I am not 100 % sure, but 98 
As often Filipino lawyers are WRONG... (If it isnt changed since a friend of mine bought a land many years ago.)
His - scammer type - Filipina wife is the main but *he is at the title too.* She want to sell - and put all in own pocket I suppouse  - but she cant by he has to sign too when its about SELLING by he is at the title too so buyers know.. . 
(An other biger land he put in eldest daughter's name, child then, grown up now, so the wife has no right to that at all


----------



## art1946 (Nov 30, 2017)

how dumb are the laws in the Philippines.
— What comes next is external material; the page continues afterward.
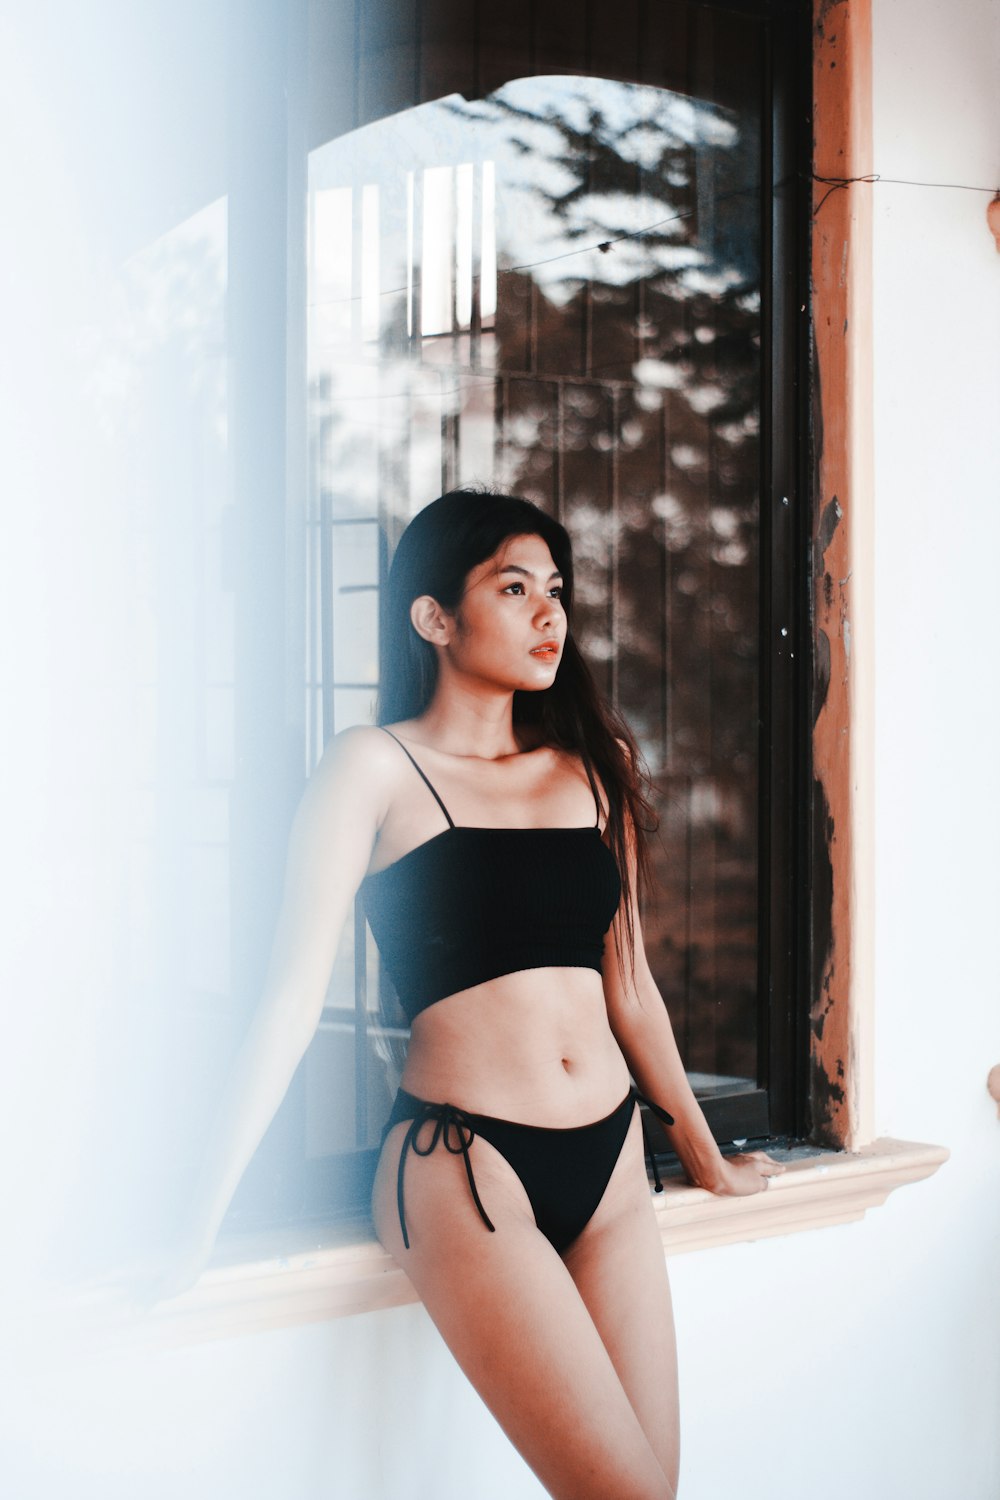 Underclothing Pictures  Download Free Images on Unsplash

I can't own the land under the house, but i can buy a condo that sits on land. hahahaha

art


----------



## Lunkan (Aug 28, 2020)

art1946 said:


> how dumb are the laws in the Philippines. I can't own the land under the house, but i can buy a condo that sits on land. hahahaha


 Actualy in difference from many other things, thats LOGIC 
because foreigners CAN own max 40 % in a business, which own land (if fullfil some demands).
Its SAME max as the 40 % foreigners are allowed to be in a condo union, which can own the land the condos are at.


----------



## amcan13 (Sep 28, 2021)

If you look at condominiums in the USA you will also find the same thing. You don't own the land, it is common area that all owners have to maintain, thus dues. The twist in the Philippines is the 40% for foreigners. That might be changing. A bill was signed to open up business ownership for foreigners to increase foreigner investment. PRRD signs law amending Foreign Investments Act But it might allow you to become a business and buy land for said business. The investment threshold is pretty low.


----------



## Gary D (Oct 28, 2013)

I guess one advantage of no foreigners owning land is the Chinese can't buy your country out from under you.


----------



## Lunkan (Aug 28, 2020)

Gary D said:


> I guess one advantage of no foreigners owning land is the Chinese can't buy your country out from under you.


 Yes, that make sence,
but the Philippines has fallen behind development compared to other SE Asian countries by NOT allowing foreigners to own majority even in business foreigners START - and NOT allowing foreigner KNOWLEDGE to dominate in own business!!! That have been realy stupid - until now. The new law amcan told SOLVE that :


amcan13 said:


> If you look at condominiums in the USA you will also find the same thing. You don't own the land, it is common area that all owners have to maintain, thus dues. The twist in the Philippines is the 40% for foreigners. That might be changing. A bill was signed to open up business ownership for foreigners to increase foreigner investment. PRRD signs law amending Foreign Investments Act But it might allow you to become a business and buy land for said business. The investment threshold is pretty low.


   
Now I dont have that to complain about anymore 🤣 
Its even better than I hoped by they improve Visas for some such business people too


----------